• Exercise:
Transcribe the whole listing exactly, but do not carry over its pictures.

• Given information:
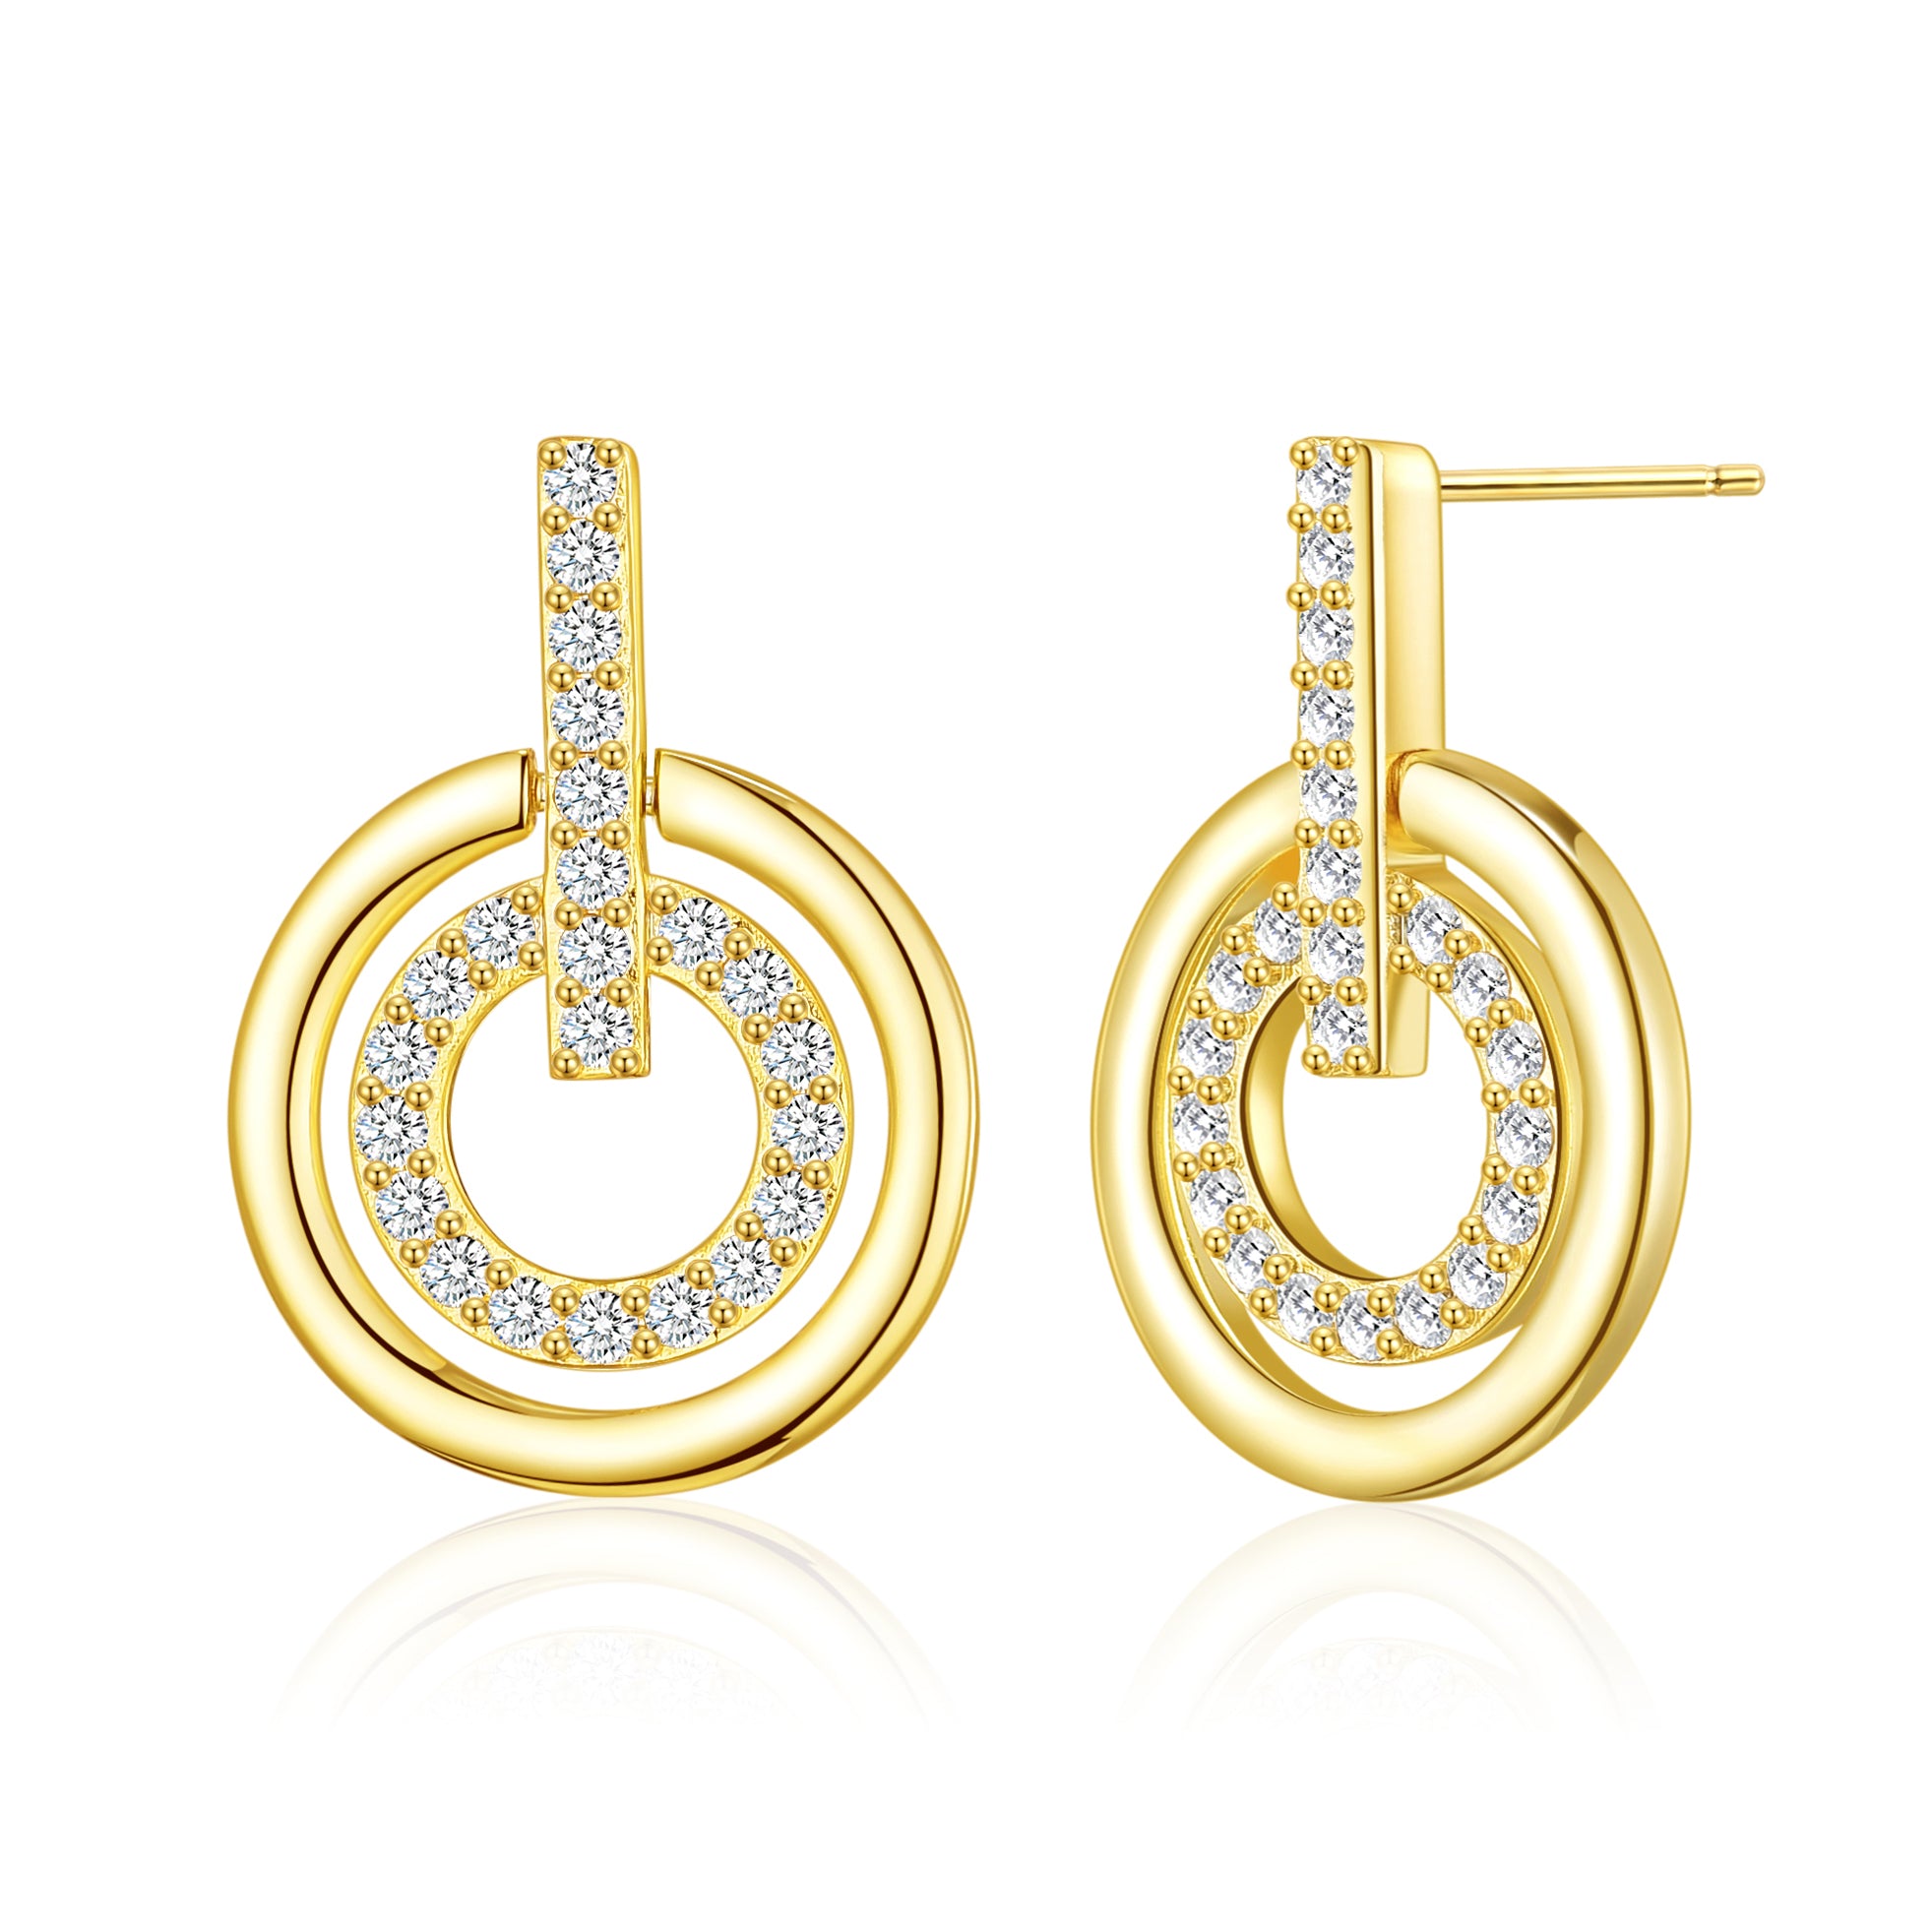 Gold Plated Double Circle Drop Earrings Created with Zircondia® Crystals
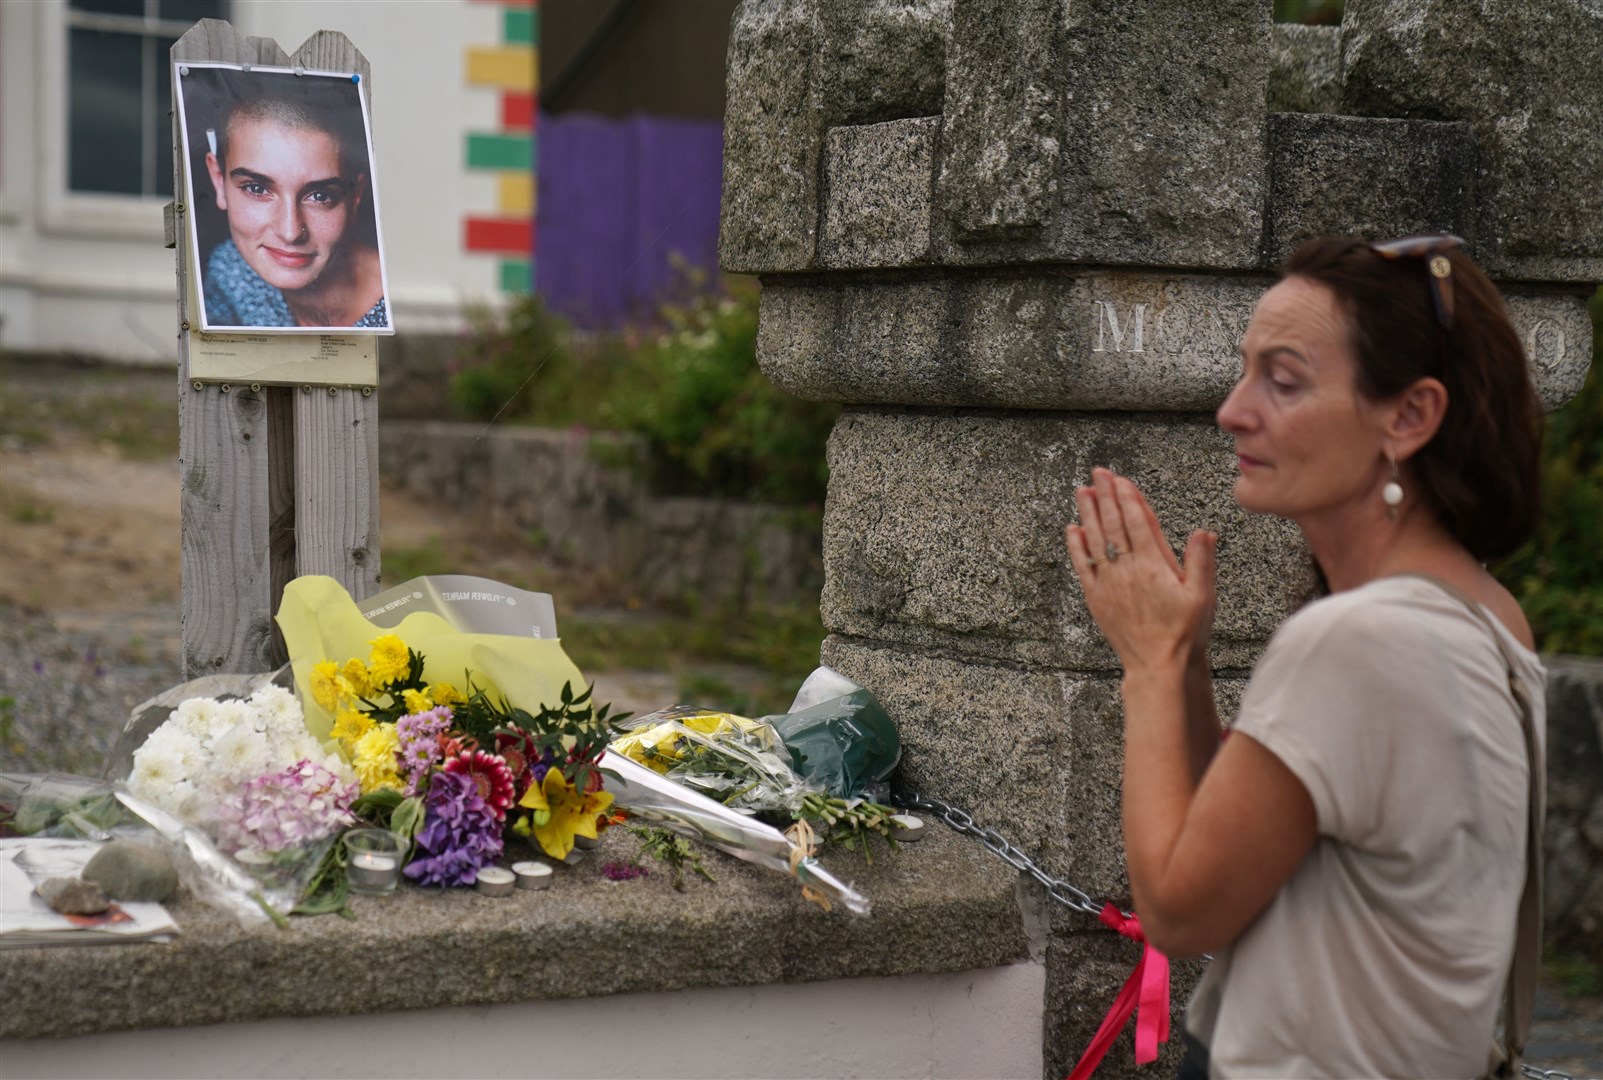 Olivia Galvin from Kerry holds her hands together in front of floral tributes laid outside Sinead O’Connor’s former home in Bray (Brian Lawless/PA)
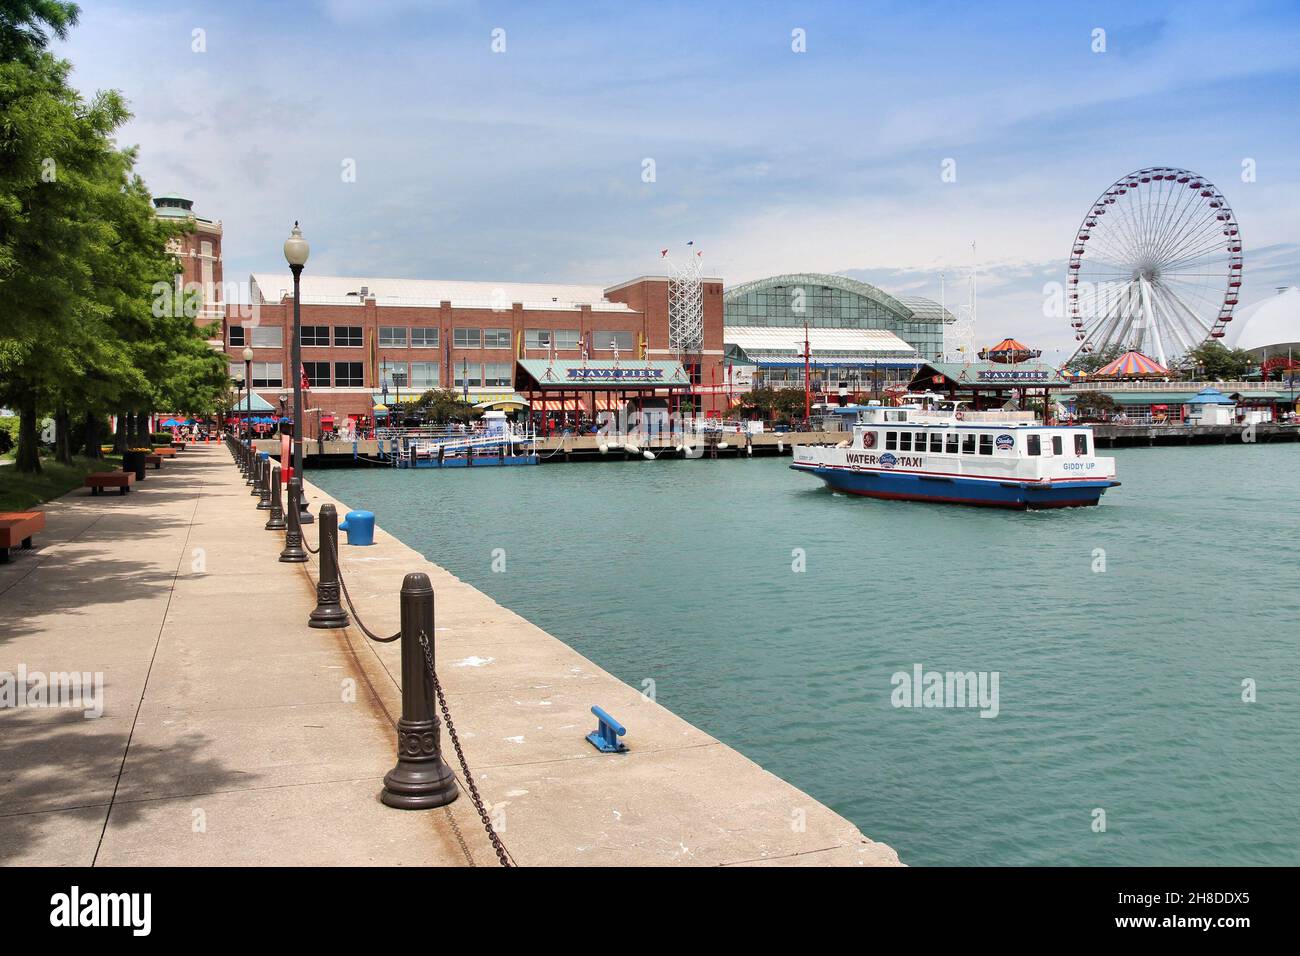 CHICAGO, USA - JUNE 26, 2013: People visit the Navy Pier in Chicago. The 3,300-foot pier built in 1916 is one of most recognized Chicago landmarks. Stock Photo

• Solution to the exercise:
 Gold Plated Double Circle Drop Earrings Created with Zircondia® Crystals
 Olivia Galvin from Kerry holds her hands together in front of floral tributes laid outside Sinead O’Connor’s former home in Bray (Brian Lawless/PA)
 CHICAGO, USA - JUNE 26, 2013: People visit the Navy Pier in Chicago. The 3,300-foot pier built in 1916 is one of most recognized Chicago landmarks. Stock Photo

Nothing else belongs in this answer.